[llvm] r209007 - Fix most of PR10367.

Sun May 18 02:30:08 PDT 2014

John McCall wrote:
> On May 18, 2014, at 12:50 AM, Nick Lewycky<nicholas at mxc.ca>  wrote:
>> John McCall wrote:
>>> On May 17, 2014, at 10:42 PM, Nick Lewycky<nicholas at mxc.ca>   wrote:
>>>> John McCall wrote:
>>>>> On May 17, 2014, at 9:03 PM, Nick Lewycky<nicholas at mxc.ca>    wrote:
>>>>>> Suppose we come up with a new set of constants that represent the set of relocations available in the targets we support. This would permit us to generate optimal code for those targets, instead of our current situation of producing worse code on Linux/ELF because Mach-O doesn't support certain kinds of relocation.
>>>>>
>>>>> Your proposal is seriously to introduce relocations as a first-class concept in LLVM IR?
>>>>
>>>> Yes, filling the role ConstantExpr fills now.
>>>>
>>>>> What possible benefit does that have over just allowing them to be expressed naturally as ConstantExprs and then ensuring that front-ends and transforms are smart about not introducing ConstantExprs that the tool chain / target can’t handle?  You know, like they already do today, both for relocations and for a thousand other features that might be impossible on the target.
>>>>
>>>> I need to pull this apart a bit to answer it.
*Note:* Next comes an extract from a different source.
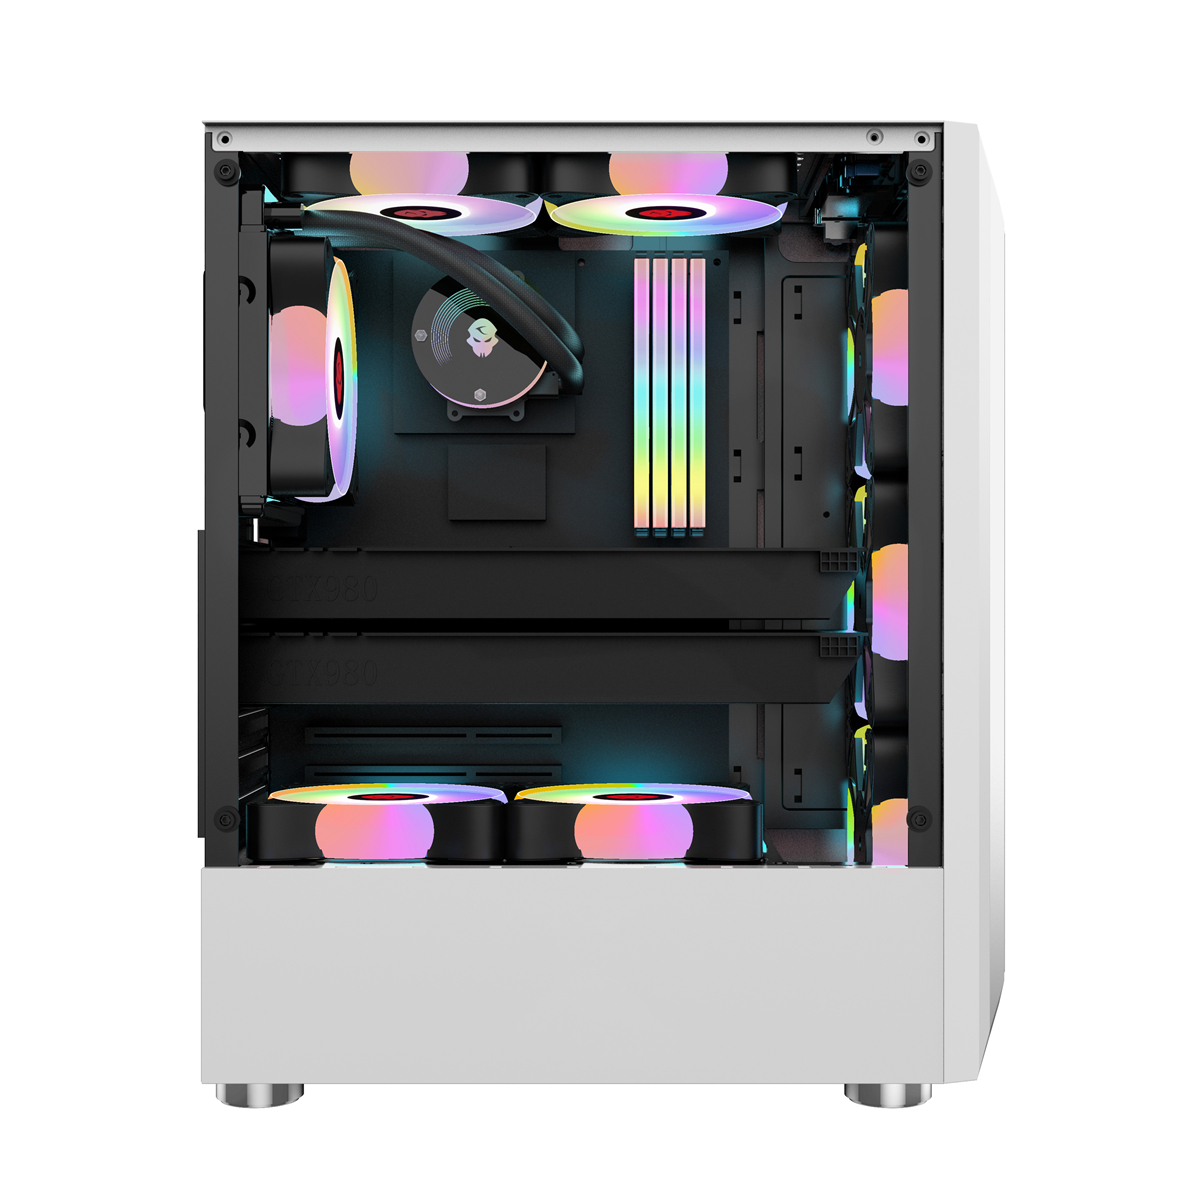 Find GAMEKM Computer Case Mid Tower ATX/M ATX/ITX Acrylic Side Panel RGB Gaming Computer PC Case USB 3 0/USB 2 0/HDD/SSD for Desktop PC Computer for Sale on Gipsybee.com with cryptocurrencies
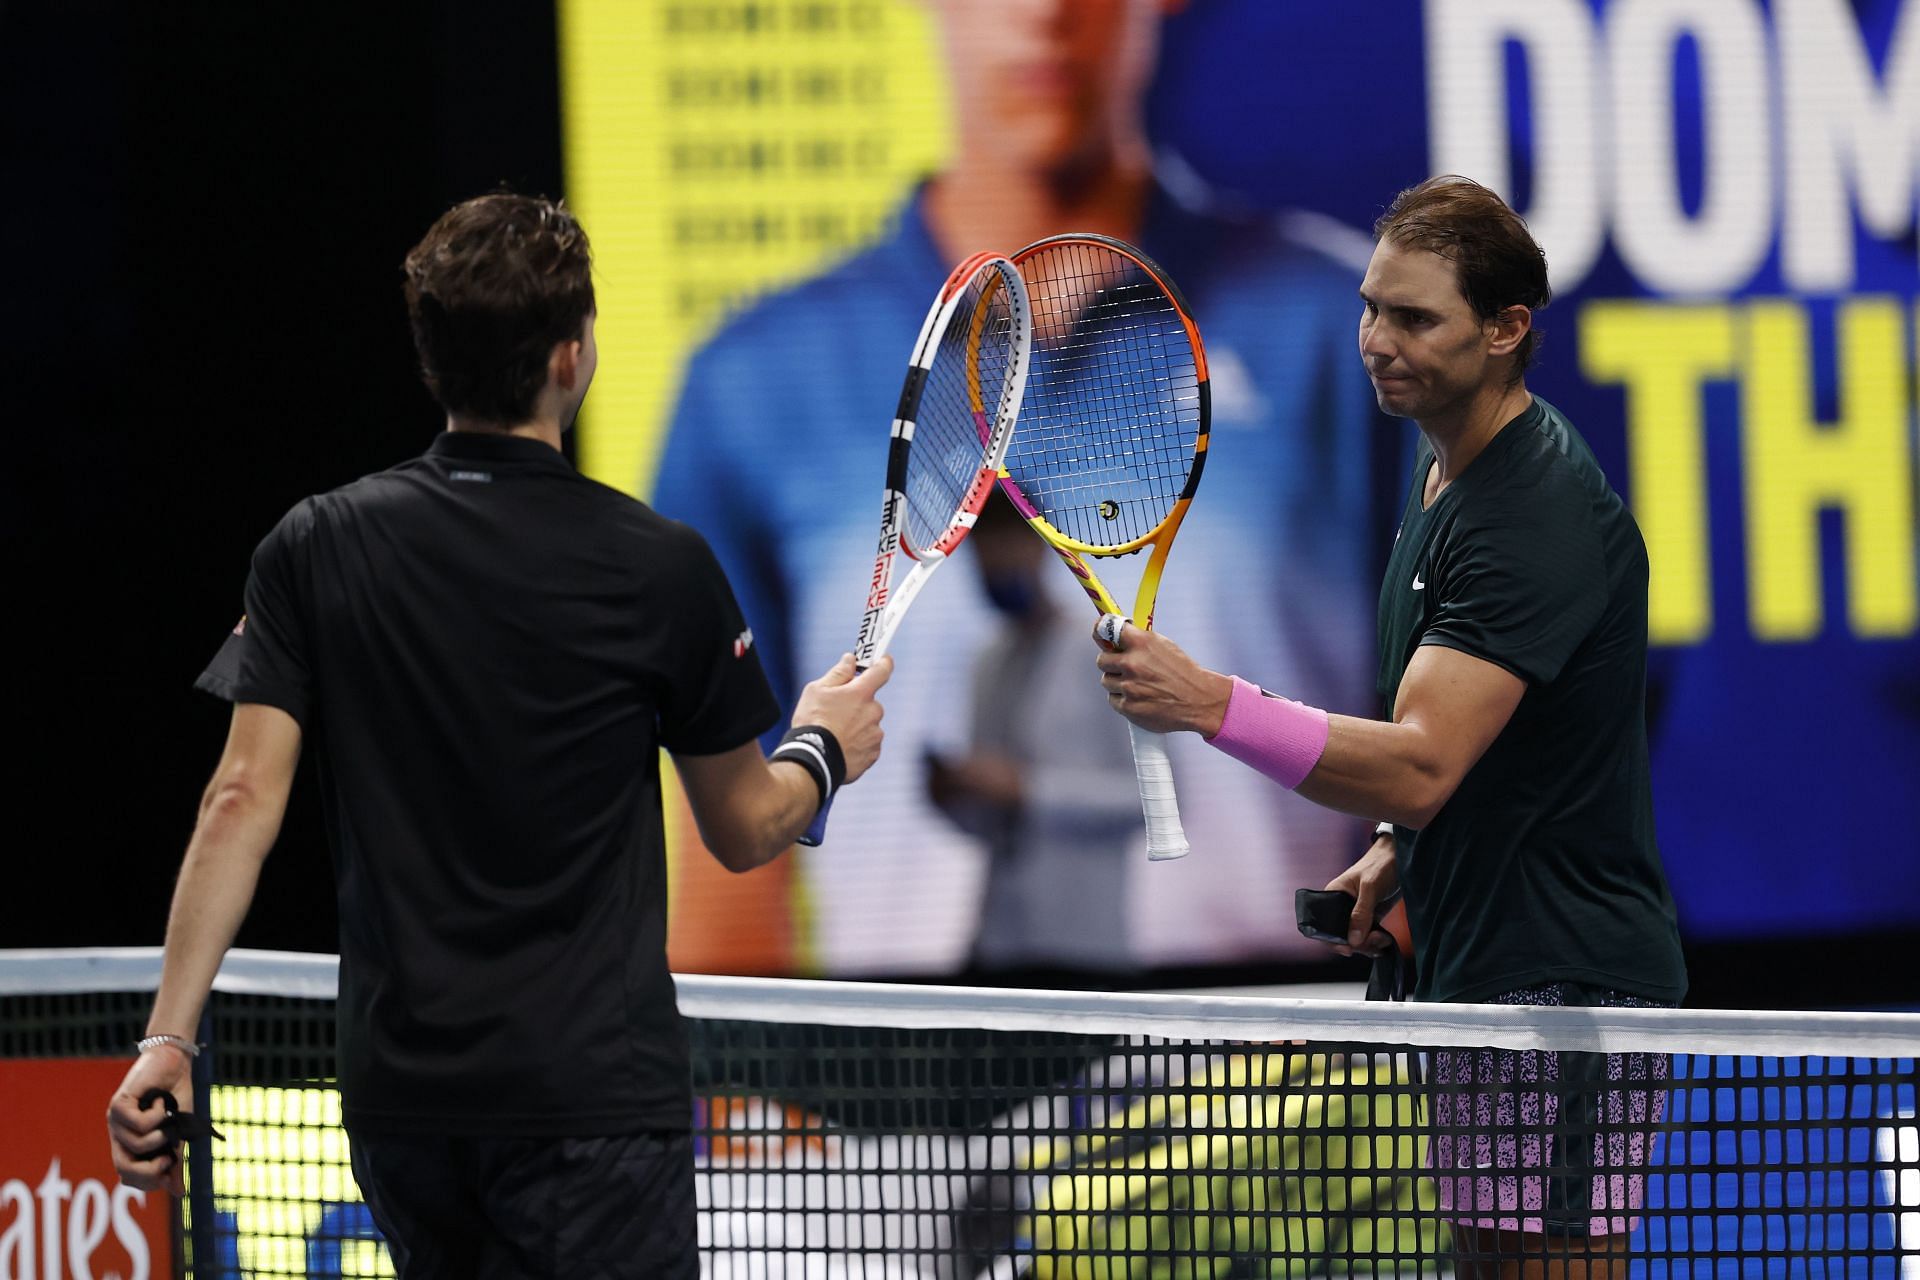 Rafael Nadal and Dominic Thiem after their match at the 2020 ATP Finals

Why get rid of ConstantExpr?
>>>>
>>>> ConstantExpr has the wrong design. The constants available in LLVM are typed bags of bits, the address of a function, the address of a global variable, an alias, and relocations. ConstantExpr is modeled as a mirror of the set of LLVM instructions -- and which of those things in the previous list correspond to instructions? Immediately we see problems with the model, there are instructions aren't mirrored -- nobody has a call ConstantExpr, or a load, or unreachable. Trapping is just another problem on the list.
>>>
>>> …because control flow and side effects aren't constants.  Are there side-effectful relocations you’re concerned about representing?  What is the use of a side effect which occurs in an unreliable order at load time?
>>
>> Yeah, there's IFUNC. Good uses include checking the cpuid or cache line size and resolving the relocation to the more efficient function implementation or lookup table. Bad uses include side-effecting functions, my personal favourite being a scheme that requires the dynamic loader to be re-entrant (sigh).
>
> That’s a fair point, but I thought a large part of the point of IFUNC is that users of the symbol don’t have to know it’s defined with IFUNC.  I understand that that doesn’t solve the question of how to represent an IFUNC definition.
>
> Also, I don’t think we want to guarantee much about the exact timing of the execution of IFUNC functions.
>
>>> Then LLVM pervasively mis-uses canonicalization.
>>
>> This is a great point of discussion. You can design a compiler IR either way, deciding that we'll go with the notion that this is okay behaviour or the notion that llvm is doing this wrong, and either way is internally consistent.
>
> Well.  I think the historical evidence in LLVM has told us pretty consistently that this approach is insanely brittle and leads to rampant miscompilations with really awkward fixes.  It does not fail safely.

*nod*

This is a really good argument we're having, but I think we should 
shelve it until there's a more concrete proposal to argue over -- at 
which time it will also be an important argument. I think what we're 
going to end up doing is arguing it twice (once now and once later) 
instead of once (once later).

>>> ConstantExprs can be meaningfully interpreted by target-independent code, even if they can’t always be validly generated by it.  Or really, they can always be generated by target-independent code (assuming it can be proven not to trap), they just can’t necessarily be used in certain places.
>>
>> Oh that reminded me. Getting rid of ConstantExpr's lets us get rid of much of the llvm::Operator layer and the undefined behaviour it brings, caused by people trying to treat instructions and constantexpr's with the same code.
>>
>>> Both of our proposals involve target-specific IR emission/transformation using target-specific information to produce a constant that’s only valid on specific targets.  The only difference is that you want to make constant completely opaque to target-independent code, even when it’s something obvious like “take the low 17 bits of this pointer”, because you find the possibility that somebody might accidentally form such a constant — and thus require the backend to reject the code — aesthetically unappealing.  In contrast, I feel that allowing the IR to express things that can’t necessarily be emitted by the backend in every context preserves a lot of very useful flexibility.
>>
>> Then our proposals are indeed similar. I see no need for these objects to be opaque, I expect optimizations to learn handle them like they handle any other instruction or Constant. We may simplify that by the addition of common base classes that permit unified handling of common features.
>
> Isn’t that basically reintroducing the llvm::Operator layer?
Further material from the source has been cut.